Add new certificates to trust store

Overview

This document provides examples on how to add certificates to the trust store.
Examples are provided for PAS and Apache.
For other solutions, please consult the documentation for that specific service.

Note:
Make sure to have a backup of the current trust store file, before adding certificates.

Requirements

  • PhenixID Server installed

PhenixID Server

PAS is, by default, using the cacerts file in the jre, shipped with the product, located in: <PASinstallationdir>/Server/jre/lib/security
Keytool can be used to add certificates to the store, like this example:
<PASinstallationdir>/Server/jre/bin/keytool -import -file <pathtocertificatefile>/certificate.cer -keystore <PASinstallationdir>/Server/jre/lib/security/cacerts" -alias myaliasforthecertificate

To verify that certificate has been added, use the following command:
keytool -list -keystore <pathto>/cacerts

NOTE:
If "CertificateValidatorValve" is used, verify the settings for parameters "trust_store_path" and trust_store_ref.

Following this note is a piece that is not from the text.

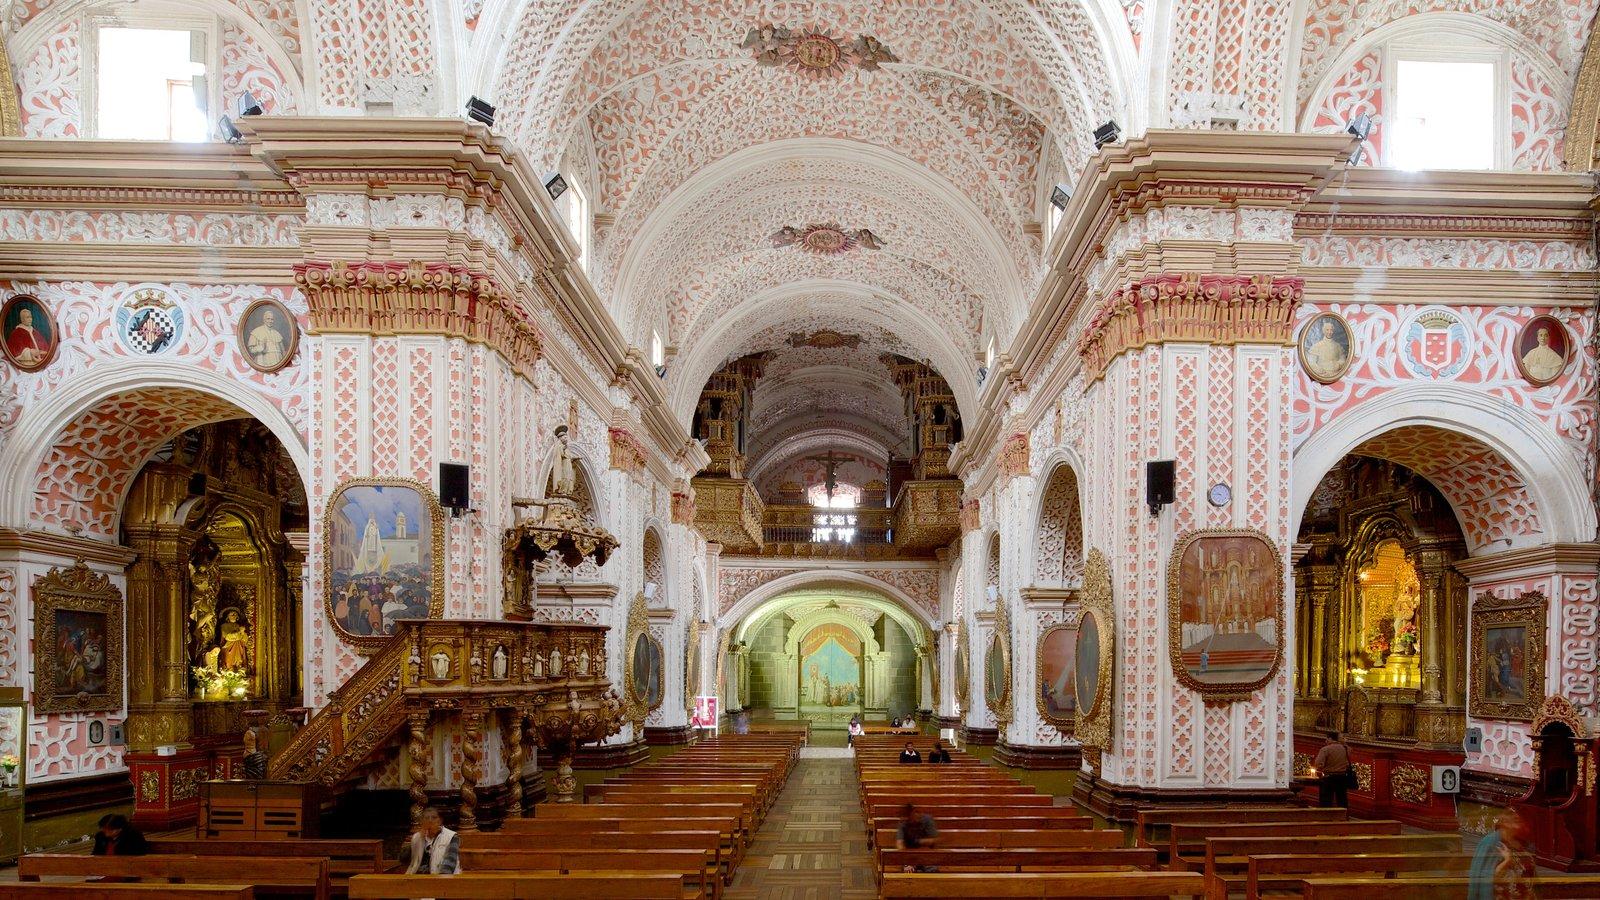 Iglesia de la Merced mostrando uma igreja ou catedral, arquitetura de patrimônio e elementos religiosos

Certificates should be added to the file specified in the path.

Apache

If Apache is used, locate the configuration/start file used for the installation.

On Linux it should be something according to this example:
/etc/apache2/sites-enabled/default-ssl.conf

And on Windows:
<apacheinstallationdir>\conf\extra\httpd-ssl.conf

Locate the line:
SSLCACertificateFile
Add the certificate(s) to the file set in “SSLCACertificateFile”.
For example, /etc/apache2/ssl.crt/ca-bundle.crt
This can be done using a text editor, openssl command, certutil or other tools of choice.